====== Recorded information ======
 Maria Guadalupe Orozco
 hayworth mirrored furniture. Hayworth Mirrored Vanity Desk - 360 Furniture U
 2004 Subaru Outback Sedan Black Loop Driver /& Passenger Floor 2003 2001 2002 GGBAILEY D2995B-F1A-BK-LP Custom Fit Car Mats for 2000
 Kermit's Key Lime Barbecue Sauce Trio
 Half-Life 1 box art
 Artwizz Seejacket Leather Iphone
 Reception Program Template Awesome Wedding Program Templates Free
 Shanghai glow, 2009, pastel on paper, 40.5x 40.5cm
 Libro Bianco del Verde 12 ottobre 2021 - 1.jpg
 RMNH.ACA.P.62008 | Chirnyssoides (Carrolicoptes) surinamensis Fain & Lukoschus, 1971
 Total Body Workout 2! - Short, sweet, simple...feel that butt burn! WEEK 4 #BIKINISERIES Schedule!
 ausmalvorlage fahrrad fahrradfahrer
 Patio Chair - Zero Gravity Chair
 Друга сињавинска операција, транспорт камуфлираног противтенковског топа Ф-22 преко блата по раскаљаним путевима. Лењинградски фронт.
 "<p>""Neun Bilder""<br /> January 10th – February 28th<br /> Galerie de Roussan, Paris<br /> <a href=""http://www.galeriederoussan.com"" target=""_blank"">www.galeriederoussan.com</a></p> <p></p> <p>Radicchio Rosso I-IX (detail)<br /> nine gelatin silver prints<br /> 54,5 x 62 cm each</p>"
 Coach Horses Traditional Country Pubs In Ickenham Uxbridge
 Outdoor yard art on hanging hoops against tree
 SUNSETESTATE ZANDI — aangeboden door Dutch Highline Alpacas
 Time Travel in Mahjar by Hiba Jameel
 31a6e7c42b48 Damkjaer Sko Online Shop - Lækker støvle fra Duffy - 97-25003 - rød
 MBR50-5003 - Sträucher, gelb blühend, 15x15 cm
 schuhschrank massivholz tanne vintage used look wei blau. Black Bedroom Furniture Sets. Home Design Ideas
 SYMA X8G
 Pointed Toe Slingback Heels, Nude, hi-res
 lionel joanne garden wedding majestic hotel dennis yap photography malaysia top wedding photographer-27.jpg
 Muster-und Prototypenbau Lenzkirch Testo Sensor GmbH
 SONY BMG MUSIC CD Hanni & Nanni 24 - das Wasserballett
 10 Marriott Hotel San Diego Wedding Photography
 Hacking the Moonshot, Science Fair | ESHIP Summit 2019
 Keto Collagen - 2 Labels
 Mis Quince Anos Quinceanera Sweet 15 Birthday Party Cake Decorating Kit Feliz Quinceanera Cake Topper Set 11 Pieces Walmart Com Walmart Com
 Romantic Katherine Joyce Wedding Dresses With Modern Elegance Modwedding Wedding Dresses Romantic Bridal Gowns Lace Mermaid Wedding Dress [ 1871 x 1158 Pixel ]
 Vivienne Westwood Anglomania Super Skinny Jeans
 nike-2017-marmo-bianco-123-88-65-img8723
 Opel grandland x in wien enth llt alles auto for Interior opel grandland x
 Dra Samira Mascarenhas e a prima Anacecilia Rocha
======
Task brief
Lines from the one containing "nike-2017-marmo-bianco-123-88-65-img8723" through the last line of the listing are to be restated word for word; no other line may appear.

Written answer
 nike-2017-marmo-bianco-123-88-65-img8723
 Opel grandland x in wien enth llt alles auto for Interior opel grandland x
 Dra Samira Mascarenhas e a prima Anacecilia Rocha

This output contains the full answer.